5. The material transfer device for the battery assembly production line according to claim 4, wherein two ends of the transverse plate (10) are respectively connected with a hanging fixing piece, the hanging fixing piece comprises a fixing ring A (15) movably sleeved on the transverse plate (10), one side of the fixing ring A (15) is connected with a fixing ring B (17) movably sleeved on the transverse plate (10) through a connecting plate (16), and a locking bolt A (161) is arranged on the connecting plate (16); the fixing ring A (15) and the fixing ring B (17) are respectively positioned on two sides of the rack;

and an L-shaped plate body (18) is integrally formed on the fixing ring A (15), the top end of the L-shaped plate body (18) covers the right above the rack, and a locking bolt B (181) abutted against the rack is arranged at the top of the L-shaped plate body (18).

6. The material transfer device for the battery assembly line according to claim 1, wherein the material transfer mechanism (3) comprises a cross beam (30) spanning the first conveying mechanism (1) and the second conveying mechanisms (2), the two ends of the cross beam (30) are connected with a support column (33), a horizontal displacement mechanism (31) arranged along the length direction of the cross beam (30) is arranged on the cross beam (30), a vertical displacement mechanism (32) is connected on the horizontal displacement mechanism (31), and a grabbing mechanism (4) for grabbing a battery case is arranged at the end of the vertical displacement mechanism (32).

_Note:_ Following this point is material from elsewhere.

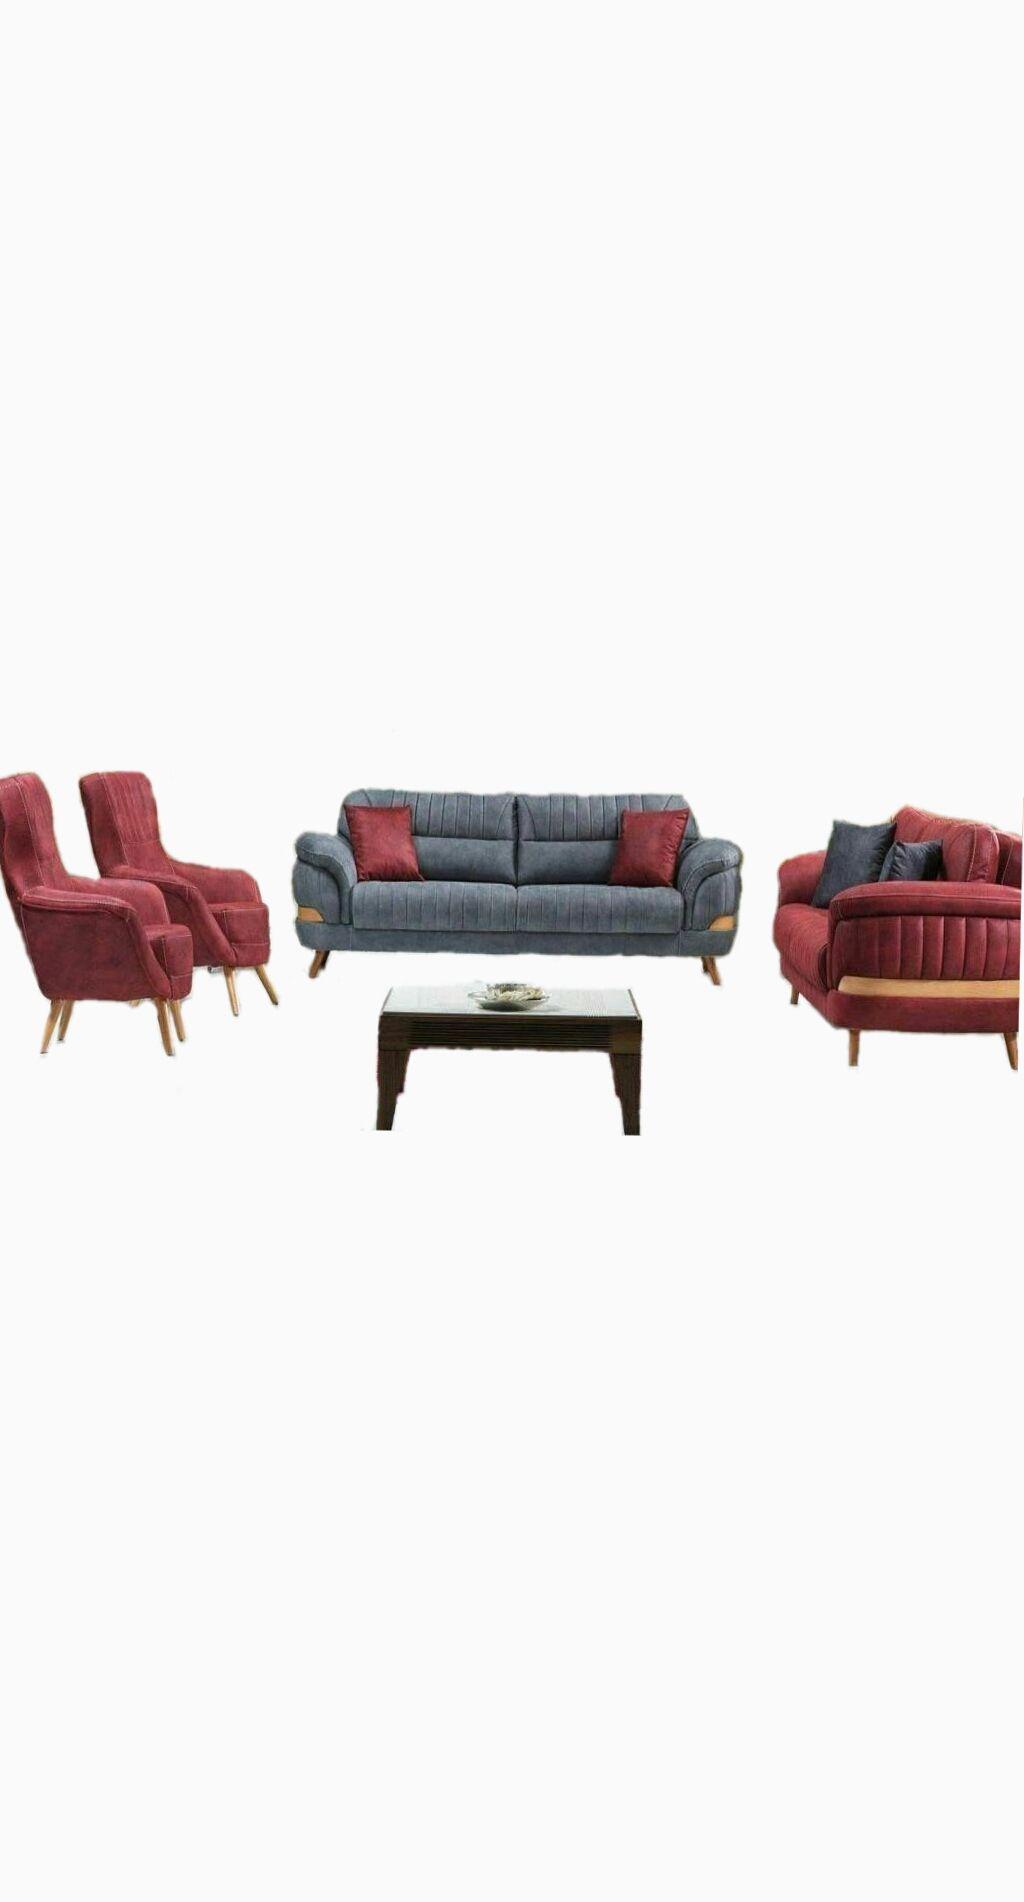 مبل راحتی مدل ۸۳ هایپر مبل ایران ۰۲۱۶۶۰۰۸۰۱۲ Hyper Moble Iran Outdoor Sofa Eames Lounge Chair Eames Lounge

7. A material transfer device for a battery assembling line according to claim 6, characterized in that the gripping mechanism (4) comprises a well-shaped support, a plurality of vacuum suction cups (41) arranged on the well-shaped support, and a connecting seat (42) arranged on the well-shaped support for connecting with the vertical displacement mechanism (32).

8. A material transfer device for a battery assembly line according to claim 7, wherein the well-type support comprises a pair of parallel arranged cross bars (43) and a pair of parallel arranged side bar assemblies (44);

the vacuum chuck (41) is arranged on the longitudinal rod assembly (44);

the longitudinal rod assembly (44) is connected with the transverse rod (43) through a connecting piece A (45).

9. The material transfer device for the battery assembling line according to claim 8, wherein the vertical rod assembly (44) comprises a first vertical rod (441) connected with the cross rod (43) through a connecting piece (45), and a second vertical rod (443) is connected with the connecting piece B (442) right below the first vertical rod (441); the first longitudinal rod (441) and the second longitudinal rod (443) are both square tubes, and two adjacent side surfaces of the end part of each square tube are respectively provided with a locking bolt C (444); the connecting piece B (442) comprises inserting rods inserted into the first longitudinal rod (441) and the second longitudinal rod (443), and a connecting rod connected between the two inserting rods;

the connecting piece A (45) comprises two integrally formed rectangular rings (451) which are respectively sleeved on the cross rod (43) and the first longitudinal rod (441), and two adjacent side surfaces of each rectangular ring (451) are respectively provided with a locking bolt (452); the axial directions of the two rectangular rings (451) are perpendicular.

10. The material transfer device for the battery assembly line according to claim 9, wherein the vacuum chuck (41) comprises a movable sleeve (411) movably sleeved on the second longitudinal rod (443), a mounting plate (412) is arranged on one side of the movable sleeve (411), a vacuum chuck body (413) is connected onto the mounting plate (412), a bolt hole (414) is arranged on the movable sleeve (251), and a locking bolt E is connected onto the bolt hole (414).